DATA:
>>>>
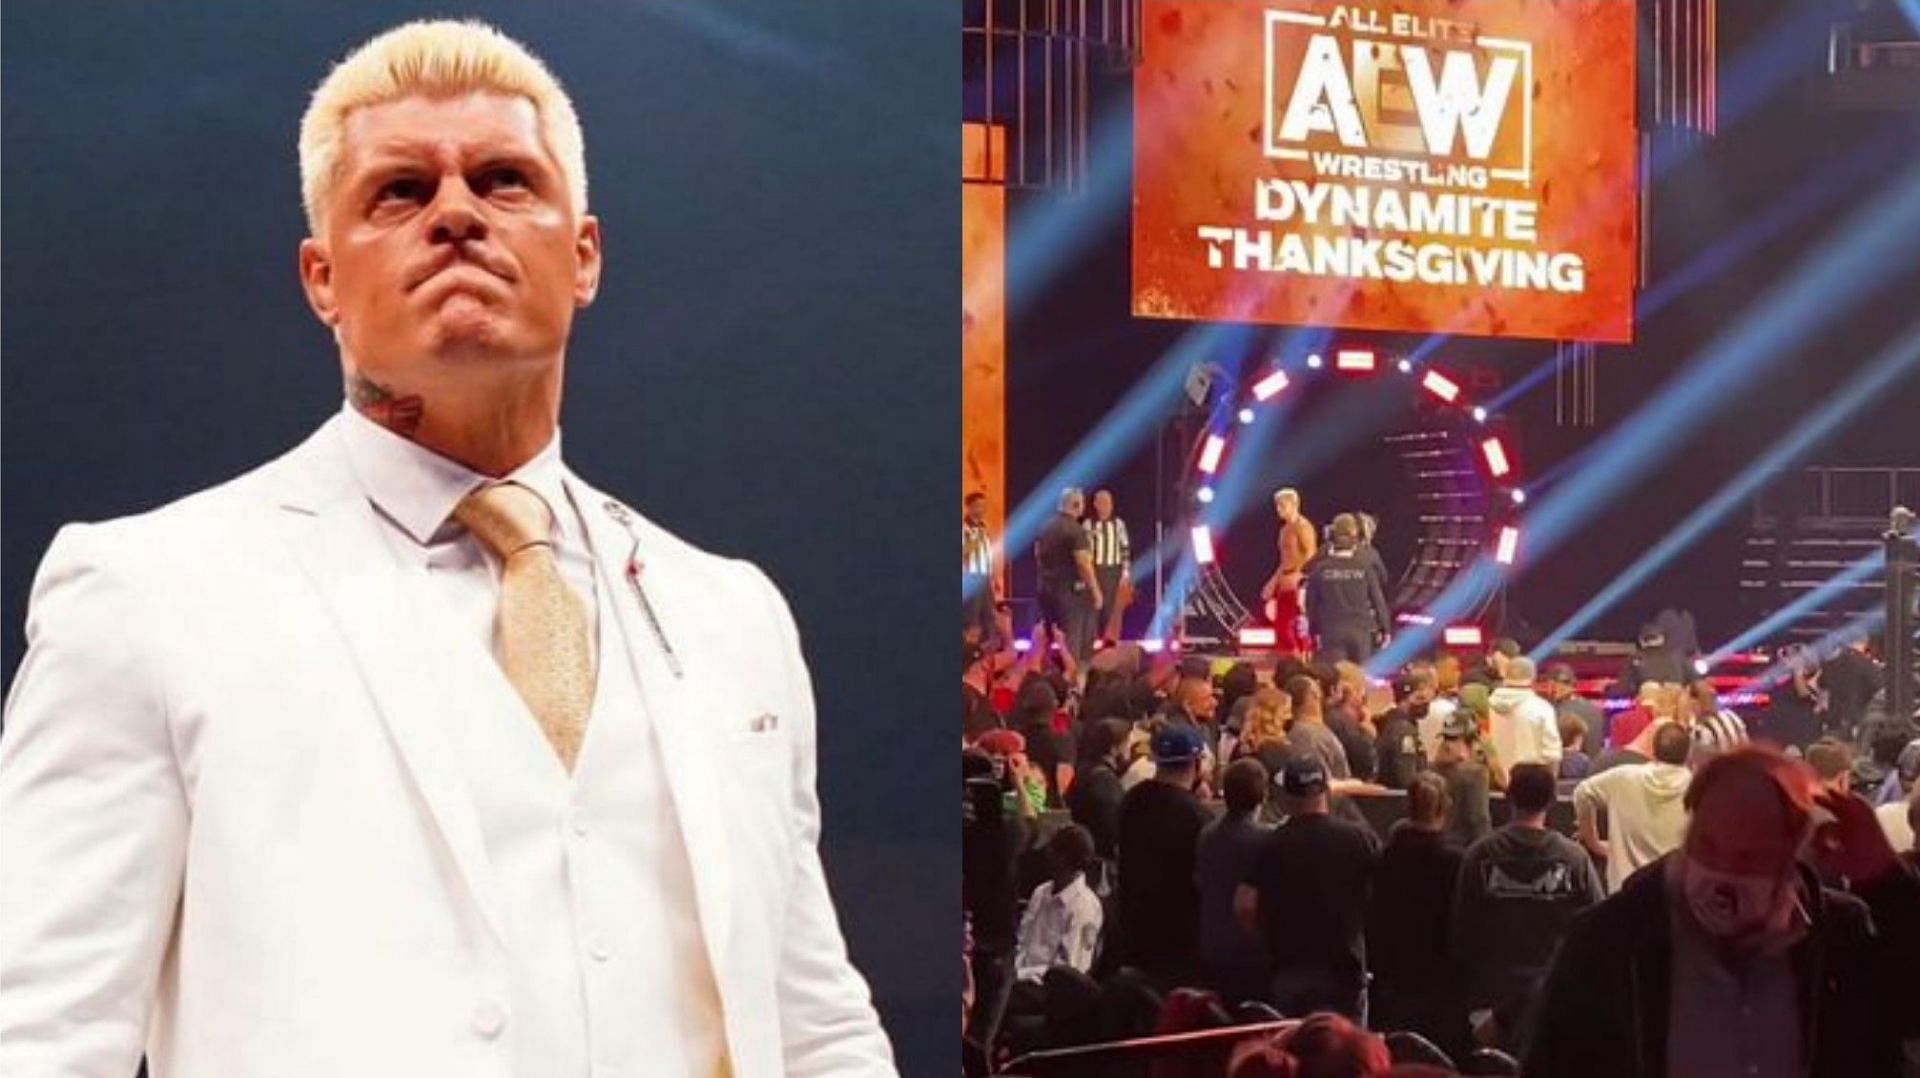 Cody Rhodes had a tough outing on AEW Dynamite this week!
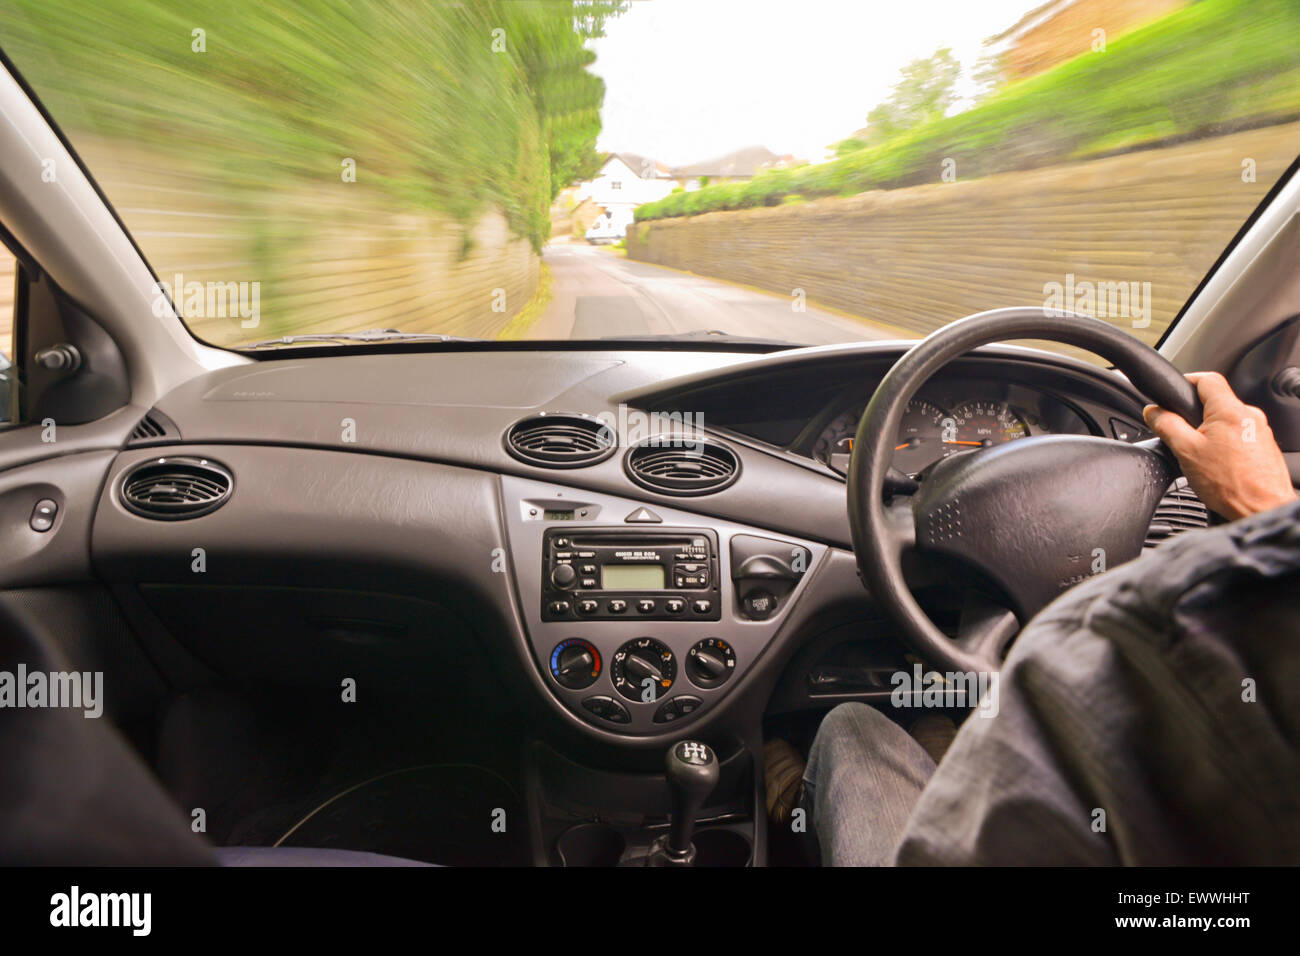 motion blur of rural road from interior of car Stock Photo
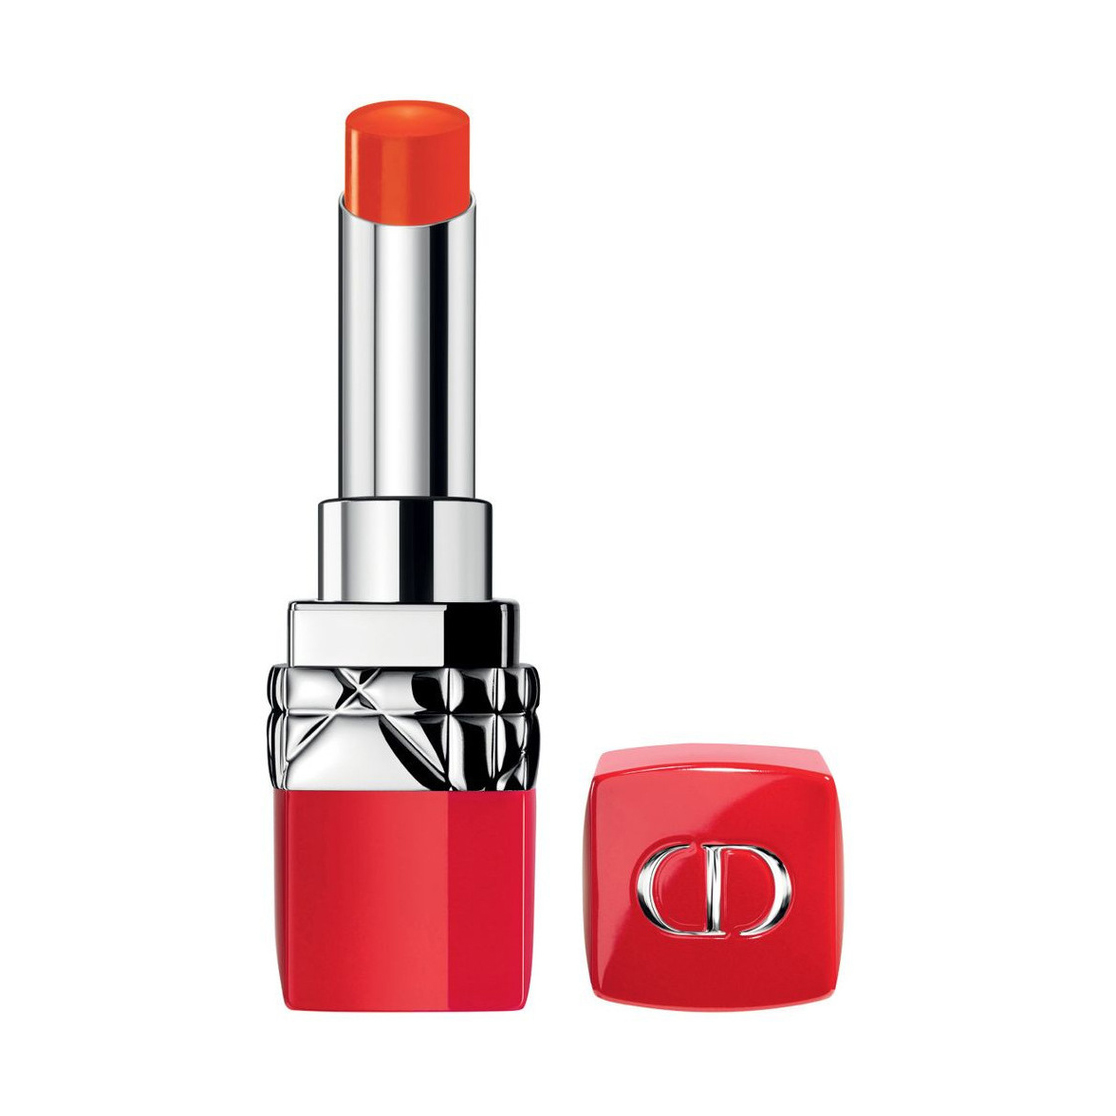 Dior Ultra Rouge Lipstick in Ultra Mad, $56, available at myer.com.au
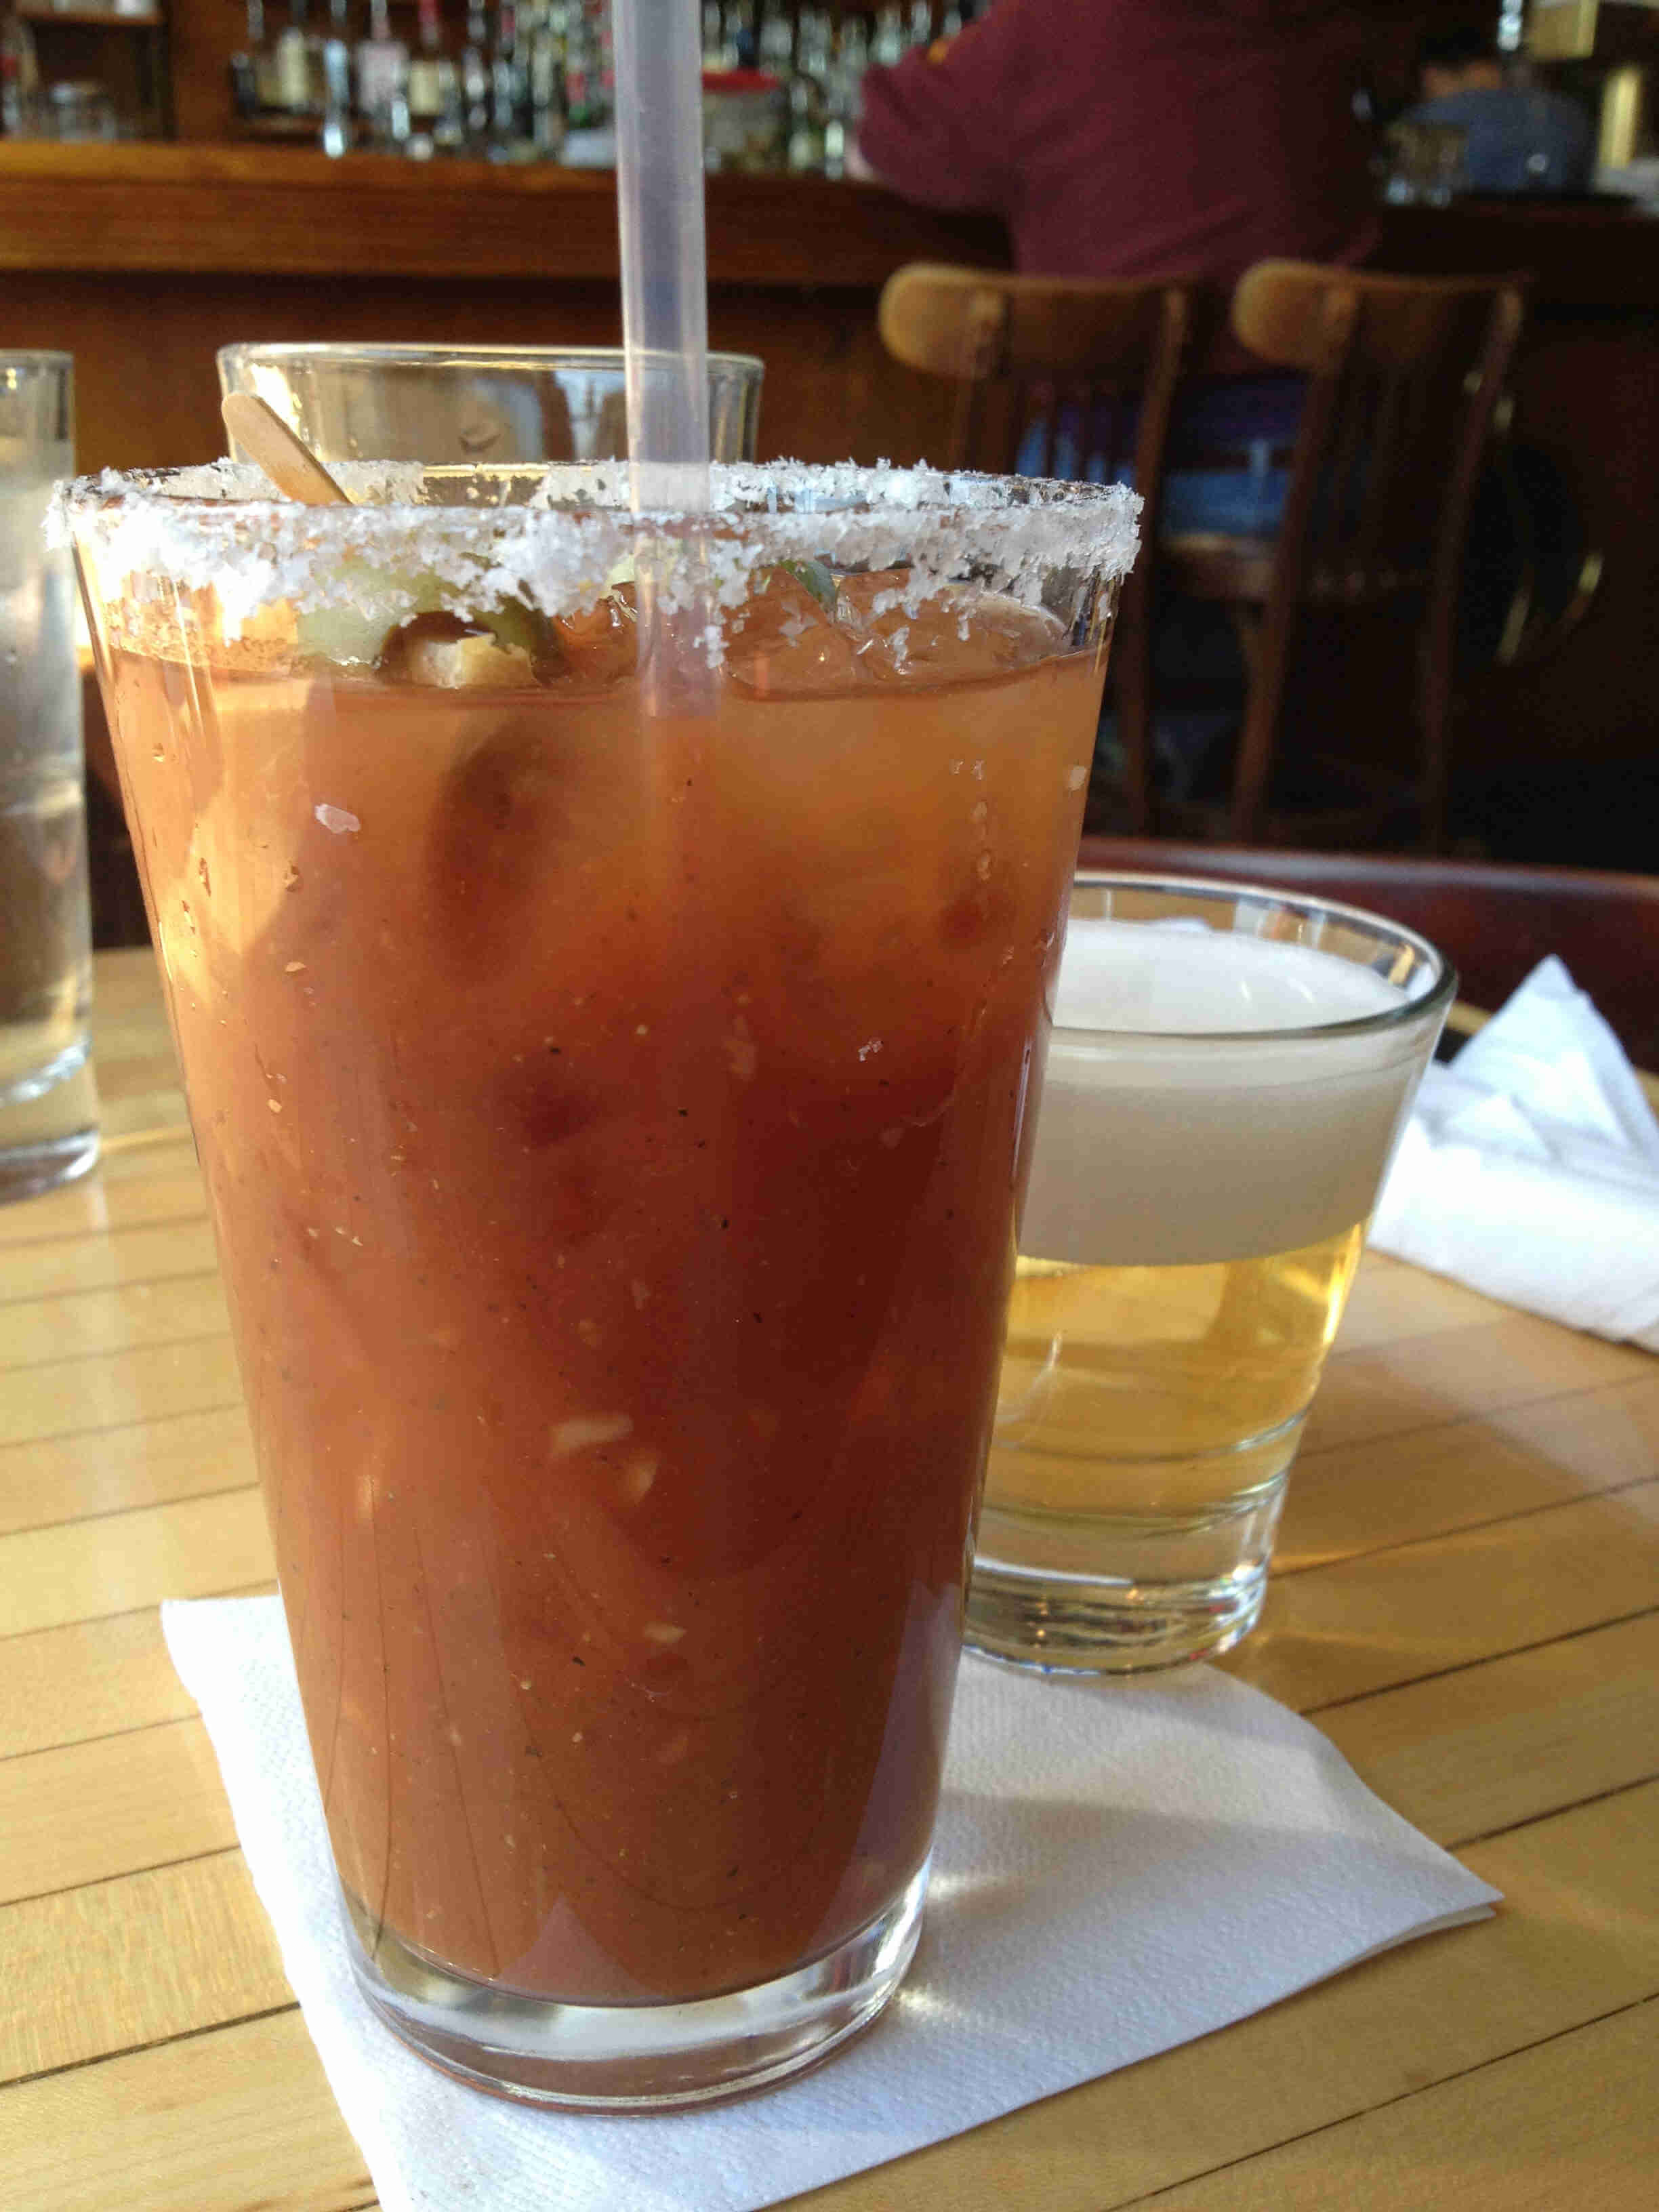 Close up view of a bloody mary drink in a glass, next to a beer chaser, on a table inside a bar
<<<<
Images should not appear in the copy; retype the listing above exactly.

 Cody Rhodes had a tough outing on AEW Dynamite this week!
 motion blur of rural road from interior of car Stock Photo
 Dior Ultra Rouge Lipstick in Ultra Mad, $56, available at myer.com.au
 Close up view of a bloody mary drink in a glass, next to a beer chaser, on a table inside a bar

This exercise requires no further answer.